# HELP my Chatlie is dying.



## Charlie's Mom (Jan 16, 2013)

My Charlie just died in my arms. thank you all for your support.


----------



## CaliTiels (Oct 18, 2012)

I'm so sorry  That's horrific


----------



## Sunshine1313 (Dec 18, 2013)

I'm SO sorry for you're loss! That's heartbreaking.


----------



## Charlie's Mom (Jan 16, 2013)

Lougirl and Sunshine1313,
Thank you very much for your kind words....


----------



## RowdyTiel (Jan 24, 2013)

Oh no!  I am so so very sorry for your loss.


----------



## garynmonica (Mar 28, 2013)

My thoughts are with you, it's so heartbreaking! Always remember Charlie knows how much you loved him!


----------



## Charlie's Mom (Jan 16, 2013)

RowdyTiel and garynmonica. thank you I am so glad I was there to hold while he passed.


----------



## Haimovfids (Sep 19, 2012)

I'm so sorry!


----------



## ParrotletsRock (Oct 8, 2013)

I am so sorry... I hope you are comforted by the fact you were able to ease his passing by your loving care... RIP Charlie.


----------



## roxy culver (May 27, 2010)

O man I'm so sorry! RIP Charlie! :angel:


----------



## Denvers Mom (Dec 11, 2013)

I'm so sorry....


----------



## moonchild (Jul 29, 2012)

I don't know what happened, but I'm sorry for your loss. I can't even imagine what you must be going through!


----------



## ErikaPSantana (Nov 20, 2013)

I'm so sorry


----------



## Vickitiel (Oct 10, 2012)

I'm so, so sorry! :frown: Rest in peace dear Charlie.


----------



## Buddy's Mom (Nov 28, 2012)

So very sorry about your loss of your baby boy.


----------



## Renae (Feb 9, 2008)

Very sorry for your loss, my heart goes out to you. 

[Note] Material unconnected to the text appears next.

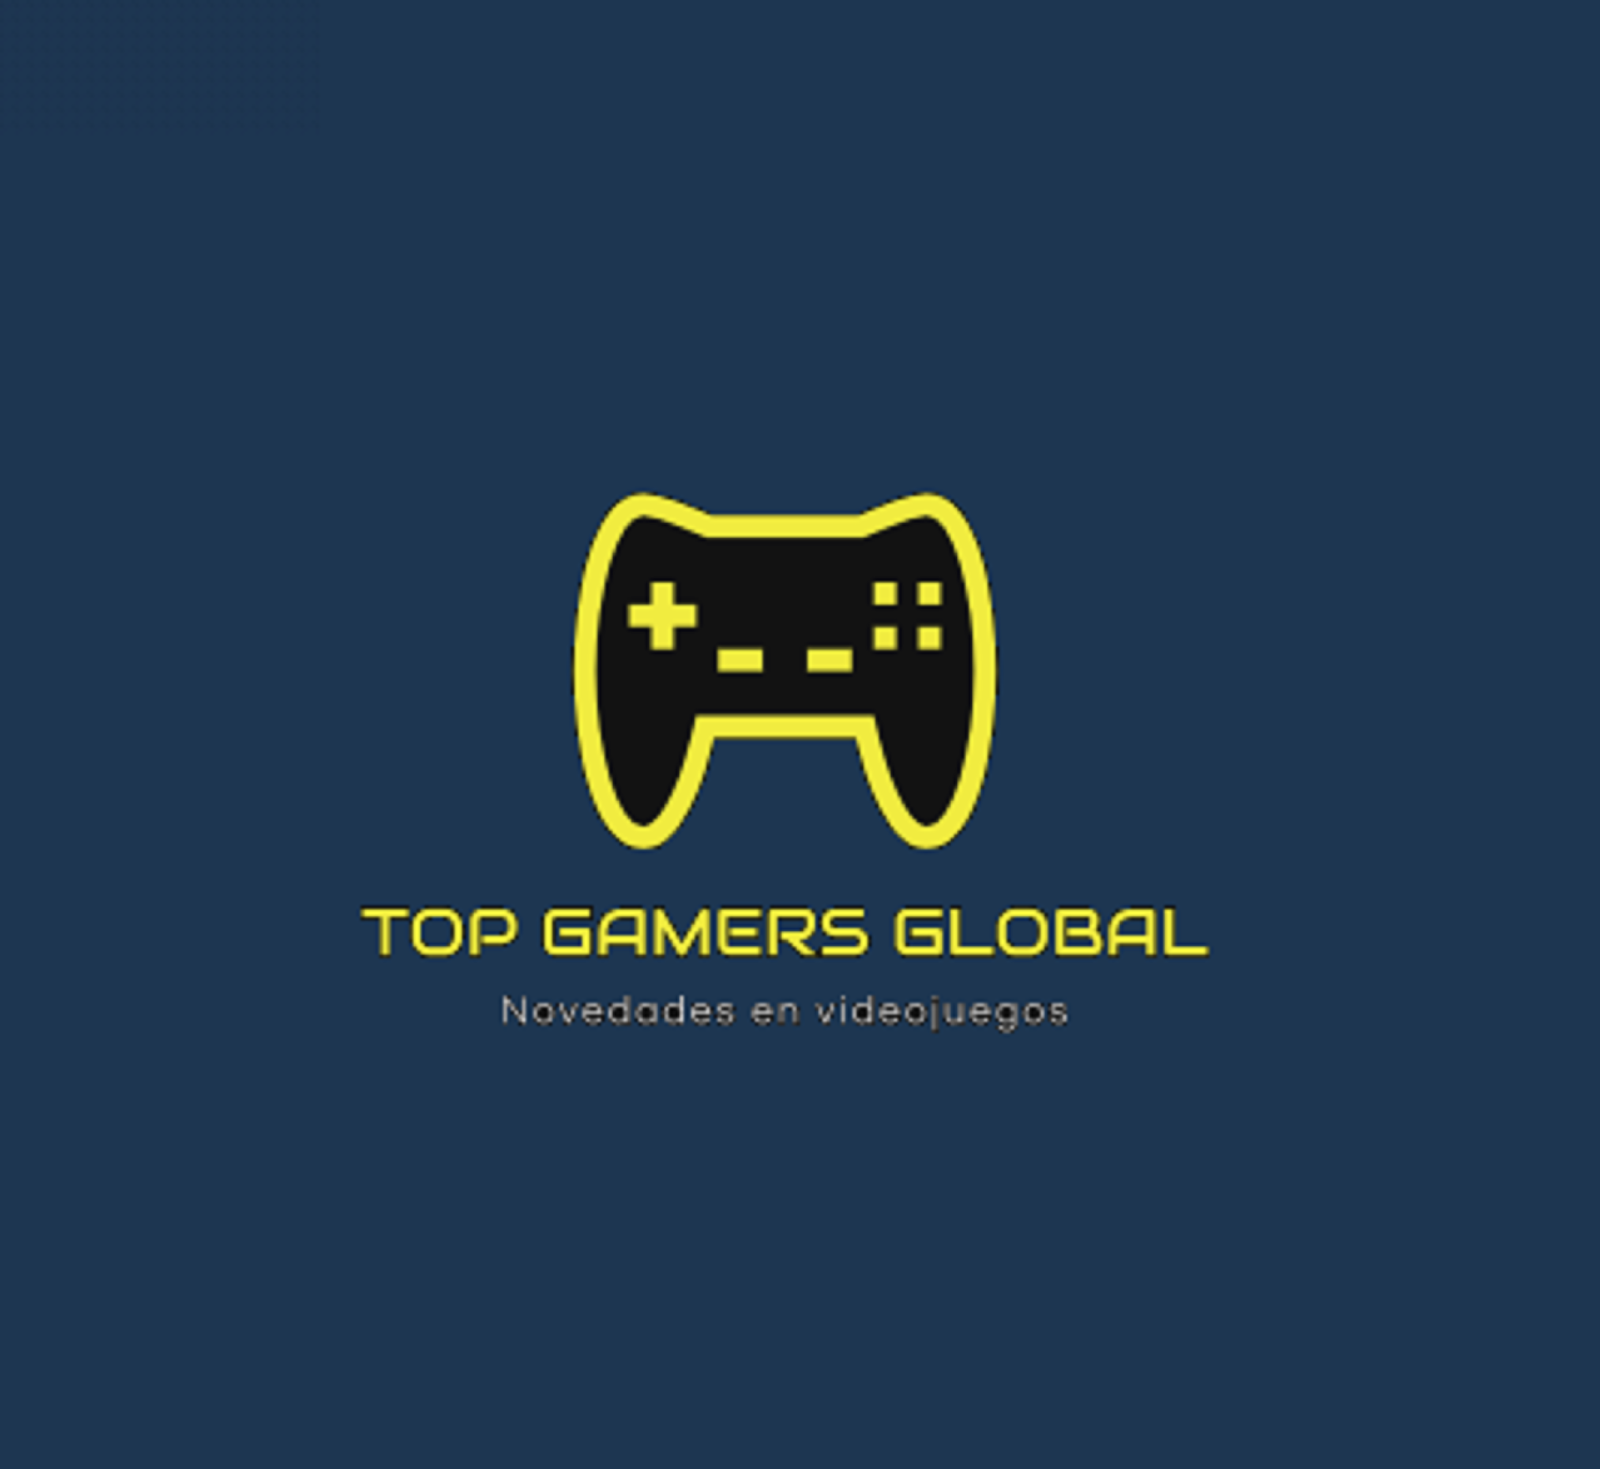 Top Gamers Global

Sent from Petguide.com Free App


----------



## blueybluesky (Jul 9, 2013)

I'm so sorry for your loss


----------



## nassrah (Feb 27, 2012)

Im sorry for your loss,but Im sure little Charley knew you loved him dearly.Fly free little boy!!!


----------



## Charlie's Mom (Jan 16, 2013)

Thank you all, I never realized how profoundly sad I would be now that he is not with me anymore. 
Charlie was my first Cockatiel and he amazed me with his talking and ability to fly all over the house and land on my head with such precision. 
Just the day before, he flew all over and he went into the bathroom to sit on the sink letting me know he wanted to drink. I never suspected anything was wrong but I do know that I loved him and I believe he knew that.


----------



## Tutu (Dec 31, 2013)

I'm new to this board and don't really know anyone around here, but I am so sorry for your loss. He was lucky to have an owner who'd let him explore the house and have fun.


----------



## Charlie's Mom (Jan 16, 2013)

Tutu welcome to the board is it very nice here:

Yes my boy love to fly I could not clip his wings he loved to fly He was flying only hours before he died.

Thank you.


----------



## sunnysmom (Sep 23, 2011)

I'm very sorry for your loss.


----------



## bobobubu (Dec 12, 2011)

I am so sorry  This is heartbreaking
He died in your arms, knowing how much you loved him, this must be a little comfort in such a sad time.
Fly free, little Charlie.


----------



## Sebastior (Jul 29, 2013)

I'm so sorry for your loss! I couldn't imagine losing Baby and i've only had her since the 1st of august ...


----------